→ **Data excerpt**
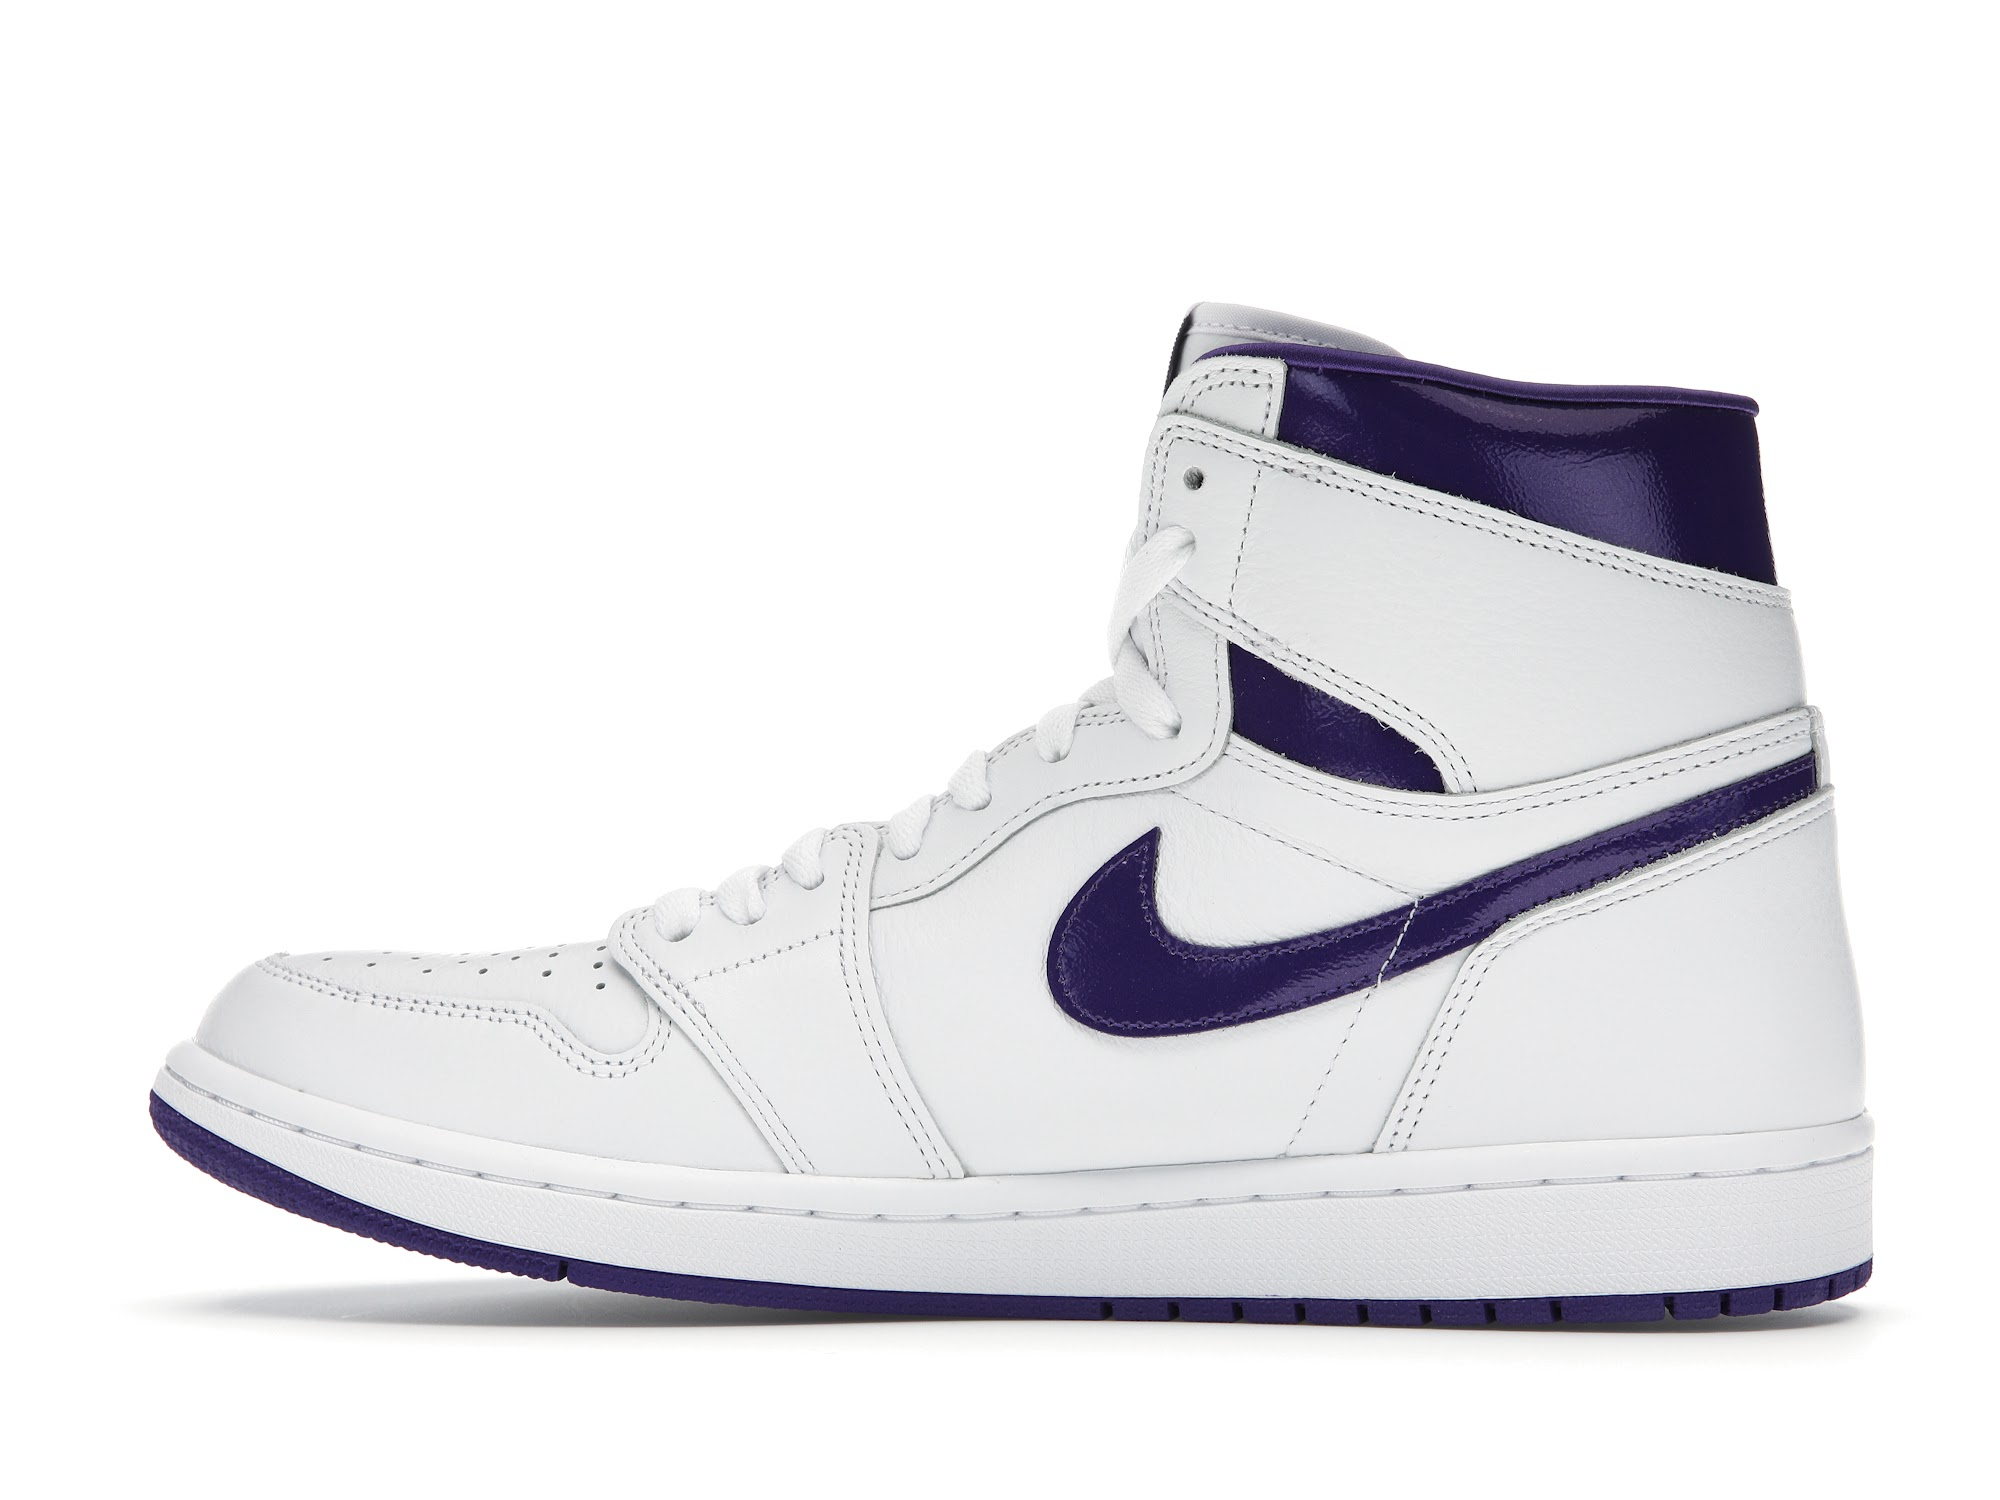 Jordan 1 Retro High Court Purple (W) - CD0461-151
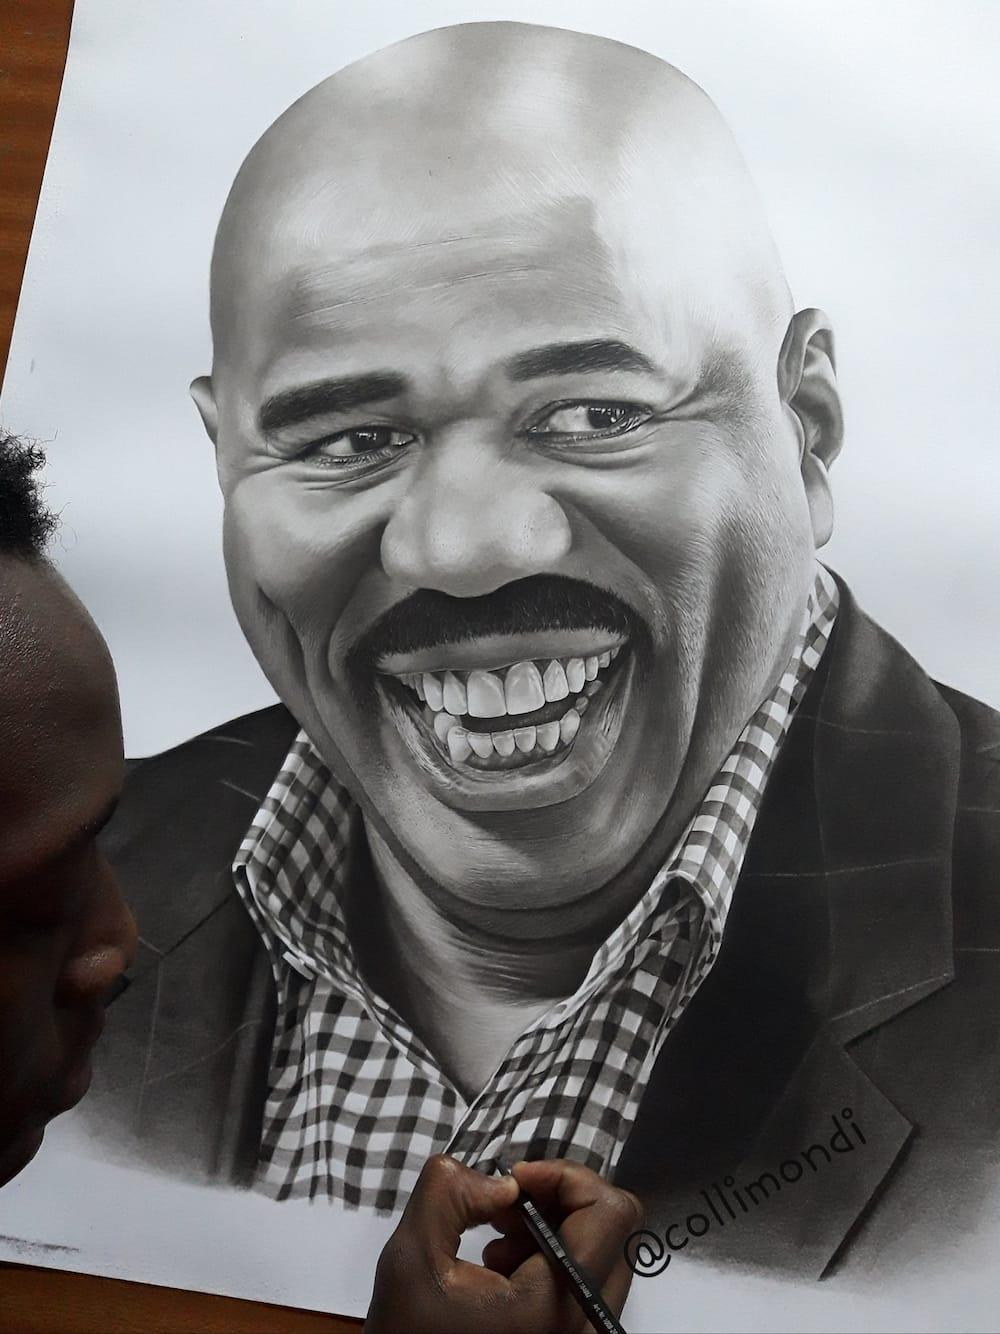 US comedian Steve Harvey to meet Kenyan pencil artist who drew his impressive portrait
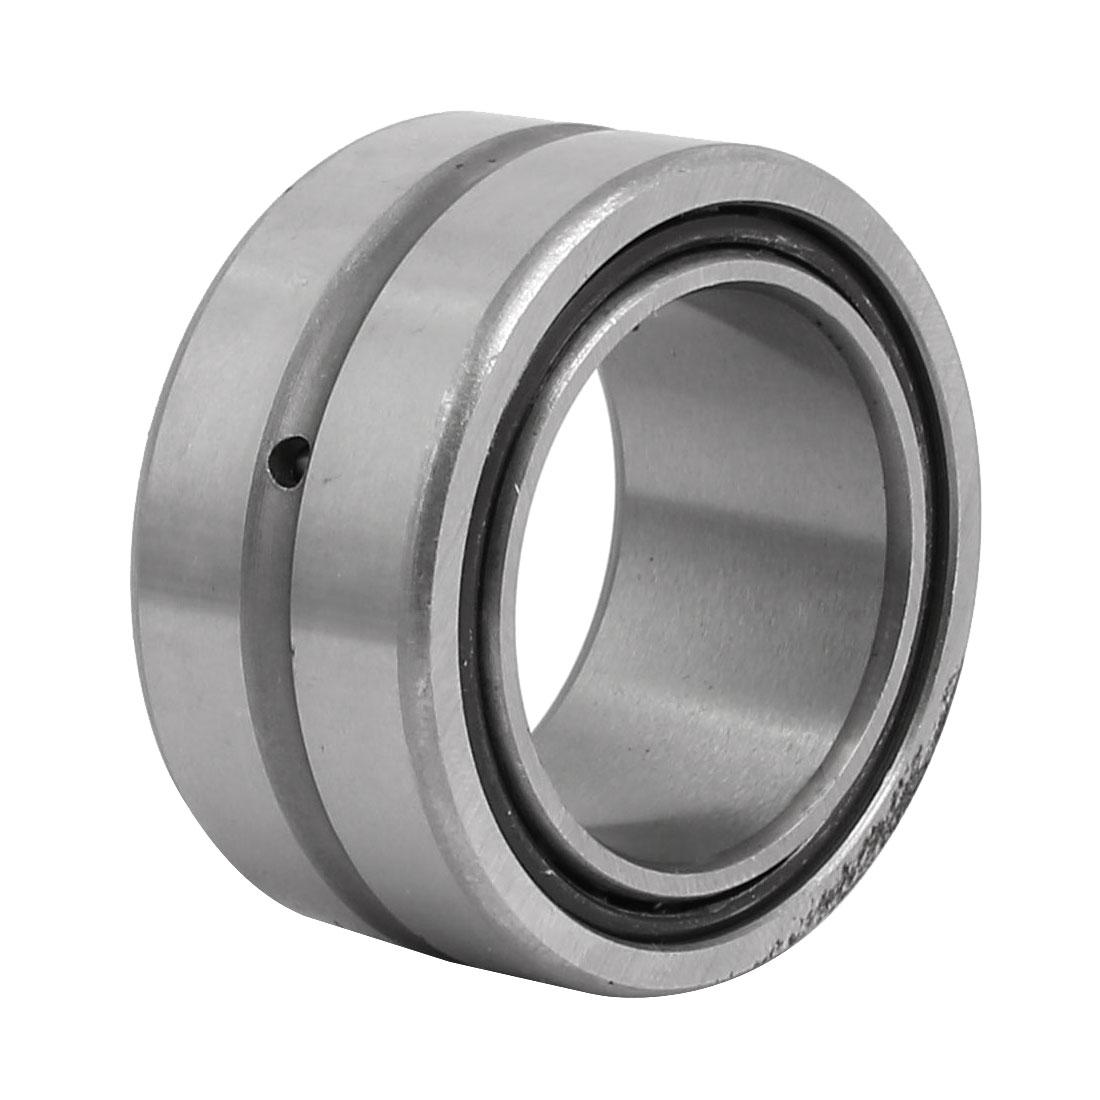 NKI28/20 28mmx42mmx20mm Inner Ring Needle Roller Bearing Silver Tone

→ **Work order**
All lines from the line with "US comedian Steve" through the final line of the data, both included, are to be repeated exactly; no other lines and no pictures.

→ **Your response**
 US comedian Steve Harvey to meet Kenyan pencil artist who drew his impressive portrait
 NKI28/20 28mmx42mmx20mm Inner Ring Needle Roller Bearing Silver Tone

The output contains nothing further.